The most significant additions to the standard include the following:

  • Transformation Formats. The precise definitions of the common Unicode Transformation Formats are provided, including UTF-8, UTF-16, UTF-16BE, and UTF-16LE. The relations between abstract characters, code points (scalar values) and code units (8, 16 or 32 bit) are clarified. See also Draft Technical Reports.
  • Bidirectional properties. Bidirectional properties are now more consistent with the general category property, and new bidirectional properties were created. See UTR #09: The Bidirectional Algorithm.
  • Case. Case properties have been extended for those situations where there is a mapping to multiple characters and where case is locale dependent. See also Draft Technical Reports.
  • Combining classes. These were updated significantly to resolve problems of normalization and decomposition for Indic scripts in particular.
  • Decomposition and Composition. Unicode character decompositions have been significantly updated to fix errors in the original assignments, to allow correct collation weighting, and to make decompositions consistent for normalization. Certain characters are excluded from composition, and the precise algorithm for composition is provided. See UTR #15: Unicode Normalization Forms.
  • General Category. A series of general category changes were made to assist the convergence of the Unicode definition of identifier with ISO TR 10176.
  • Newlines. Line handling characteristics have been documented more fully for Unicode environments. See UTR #13: Unicode Newline Guidelines.
  • Quotation Marks. Two new punctuation categories, Pi and Pf, were created for initial and final quotes with properties that vary by language.
  • Linebreak properties. Linebreaking properties (normative and informative) are added to the standard to support consistent linebreaking behavior over all Unicode characters. See UTR #14: Line Breaking Properties.
  • East-Asian width properties. Properties for supporting correct choice of full-width vs. half-width glyphs in an East-Asian context are provided. See UTR #11: East Asian Character Width.
  • Specific Characters
    • Byte order mark. The use of the byte order mark with transformation formats is clarified.
    • Line and paragraph separators. Use of line and paragraph separators is clarified.
    • Capital letters with iota adscript. The representative glyphs, semantics, case mappings and decompositions have been revised to make their handling more consistent.
    • Eyelash Ra. Consonant RA rules have been updated and expanded.
    • Figure space. U+2007 FIGURE SPACE is no longer treated like a numeric separator for purposes of bidirectional layout.
    • Layout controls. The description of layout controls was enhanced to include the behavior of U+00A0 NO-BREAK SPACE, U+00AD SOFT HYPHEN, and zero-width spaces.
    • Tilde. The use of U+007E TILDE as a spacing clone of combining tilde and as a regular character is described more completely.

Conformance Changes

Conformance clauses, definitions, and explanatory text were added for handling Unicode Transformation Formats. The Unicode Bidirectional Behavior algorithm rules were clarified and expanded, and new bidirectional character properties were documented. Other normative character property values were changed; see the Unicode character database file for more information.

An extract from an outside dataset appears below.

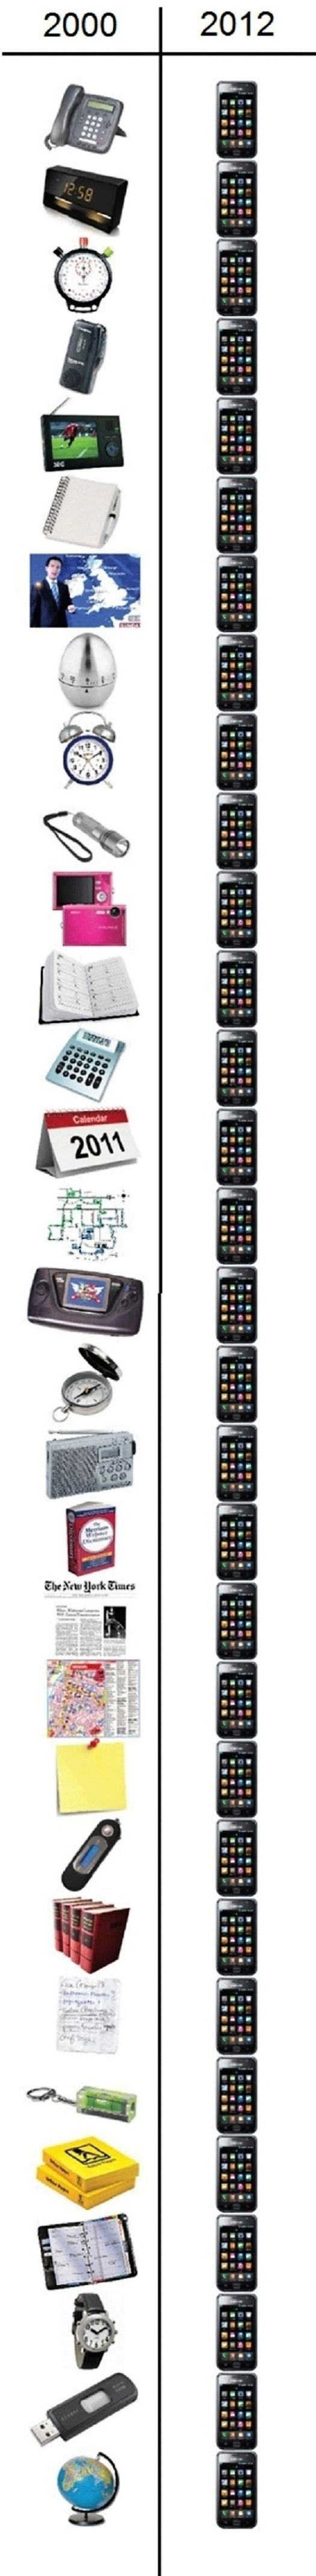 Obrázek The Gadgets of 2000 vs Today 20-03-2012

Approved Unicode Technical Reports

The following technical reports are approved and considered part of the Unicode Standard, Version 3.0. These reports may contain either normative or informative material, or both. Any reference to version 3.0 of the standard automatically includes these technical reports.

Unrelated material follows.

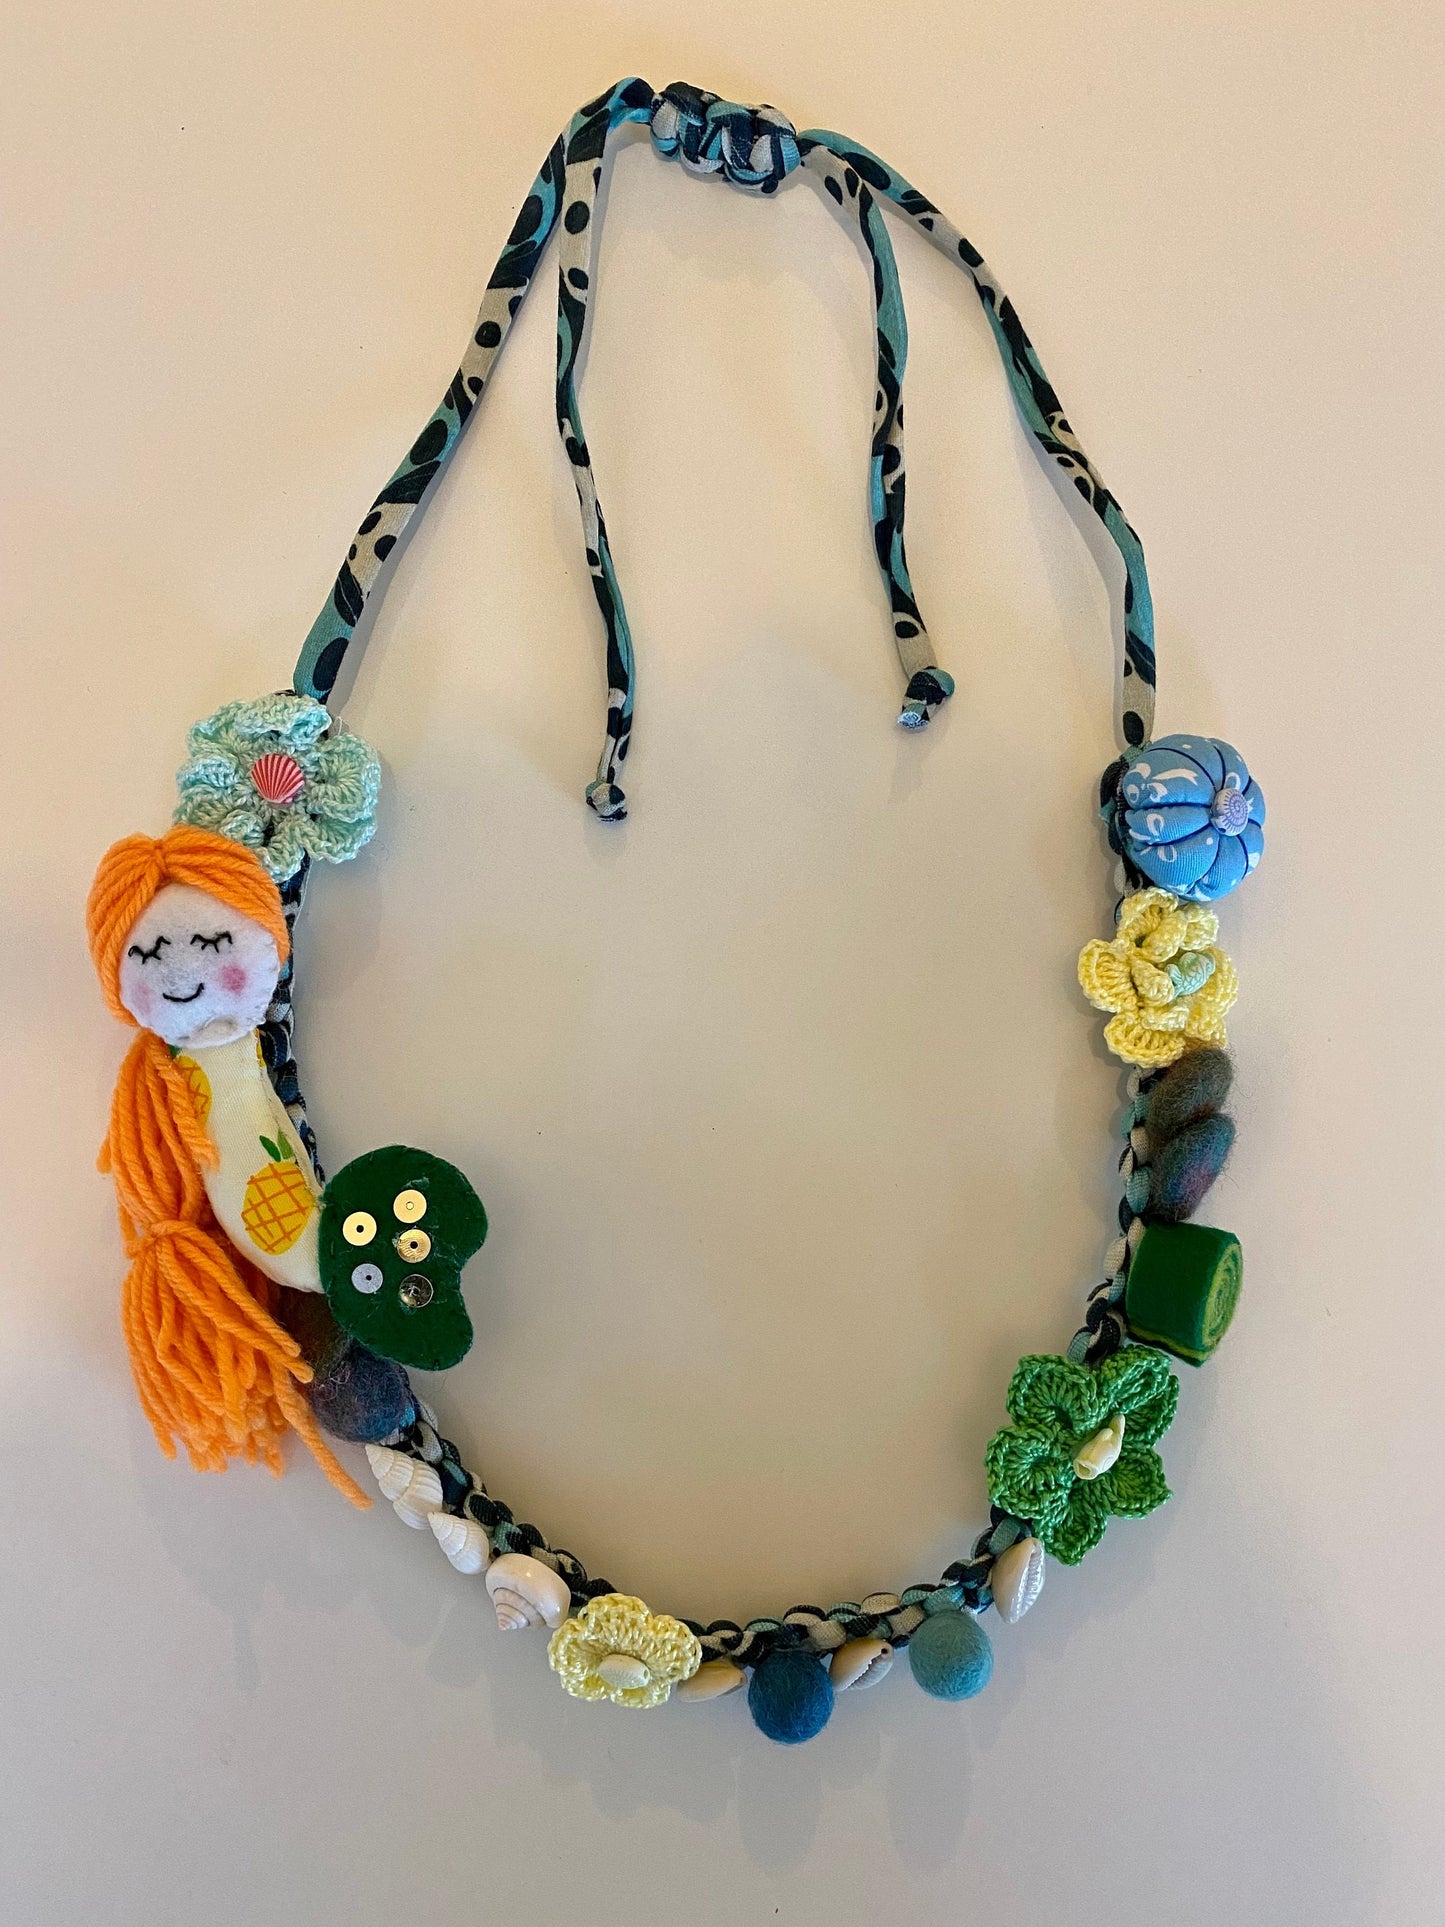 Fabric Necklace - Mermaid, Seashells, Flowers, Fabric, Buttons, T-Shirt Yarn, Handmade

The following technical reports are also approved. Although normative in stating requirements for implementations claiming conformance to them, they are not considered part of Unicode 3.0. If they are cited, they must be separately referenced; see Citations and References.

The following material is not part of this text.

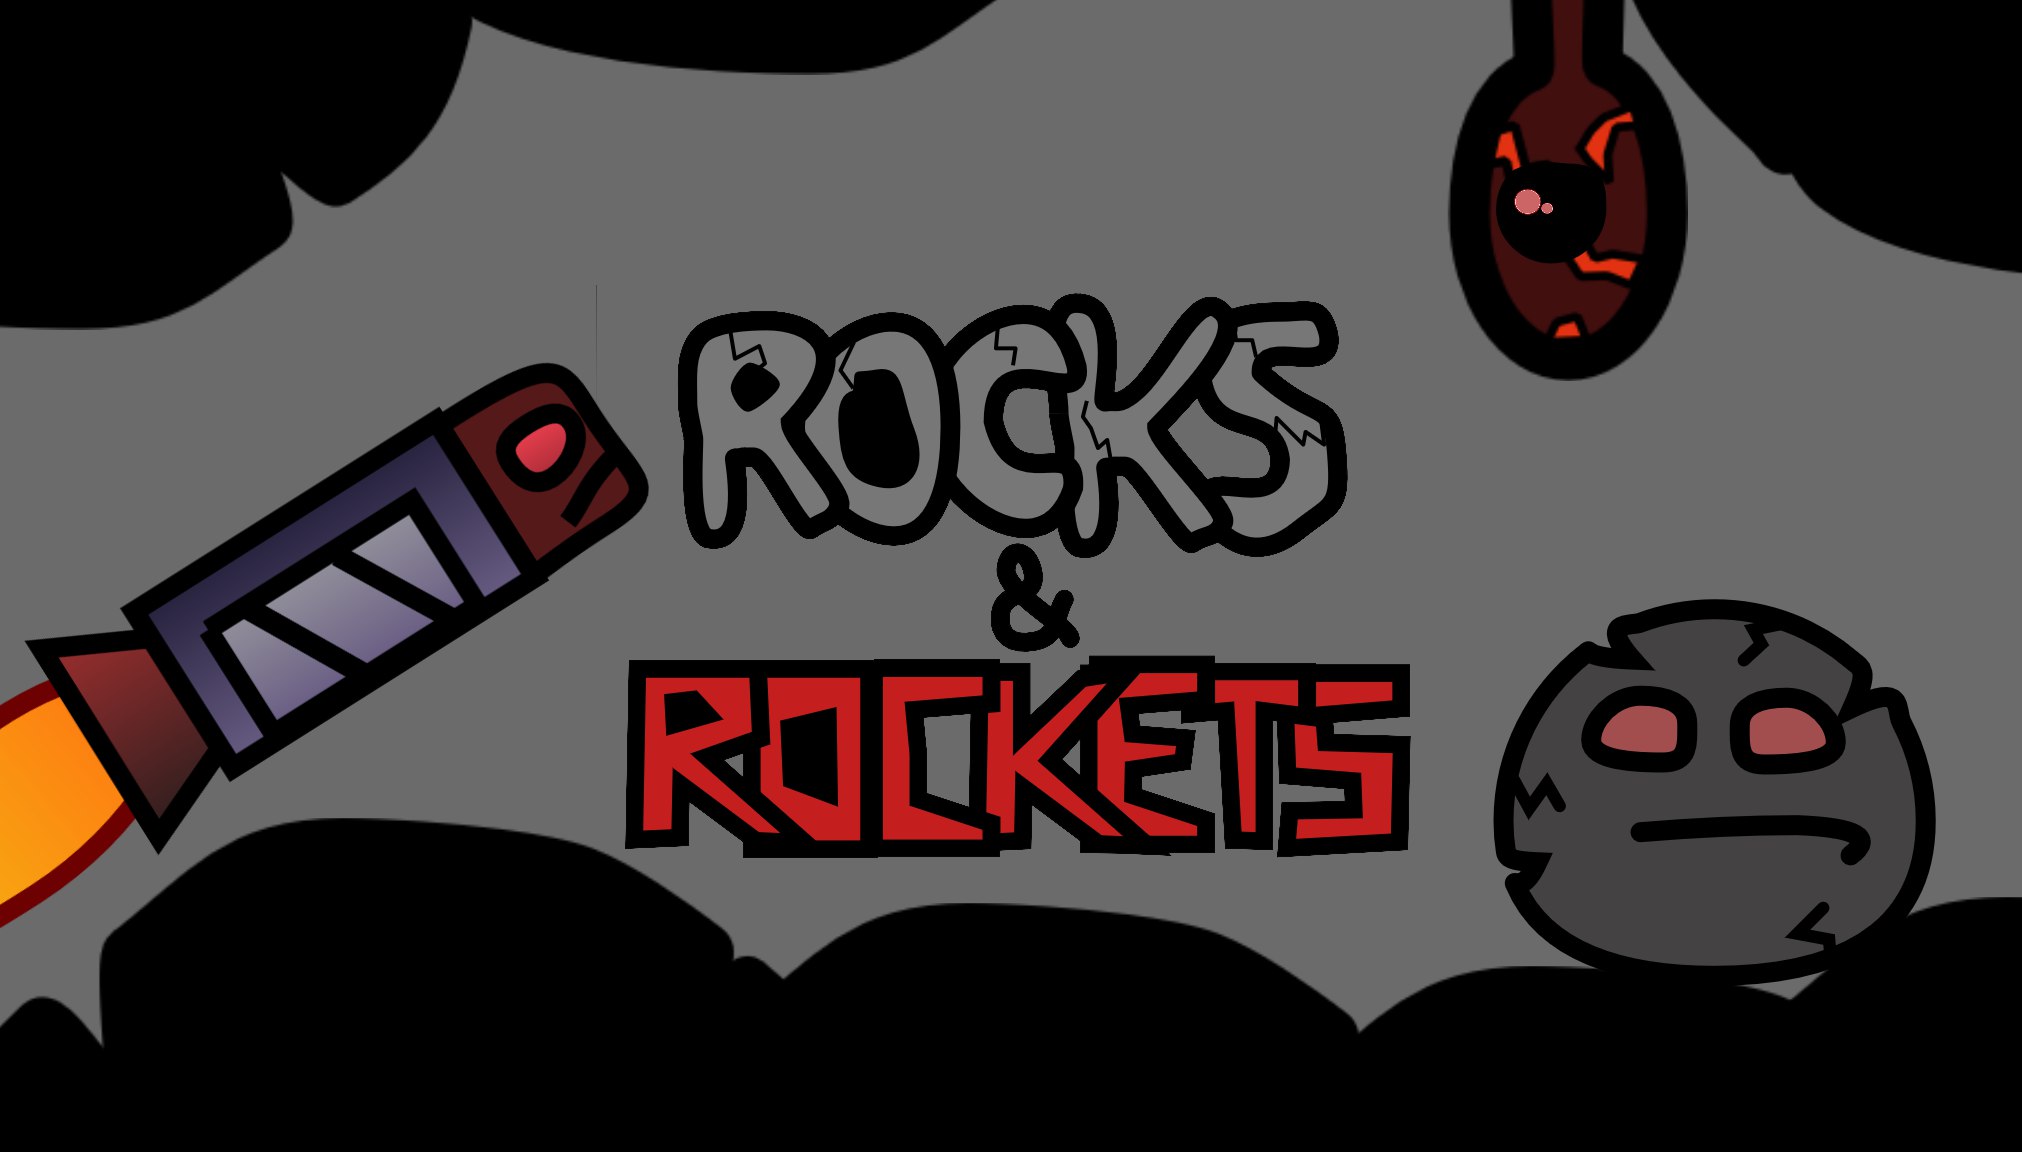 Rocks and Rockets Soundtrack screenshot

Draft Unicode Technical Reports

Additional draft and proposed draft technical reports can be found on Technical Reports. While these reports are not final and not considered part of Unicode 3.0, they contain information that may be useful for implementation. If they are cited, they must be separately referenced; see Citations and References.

Additional technical reports may be added over time.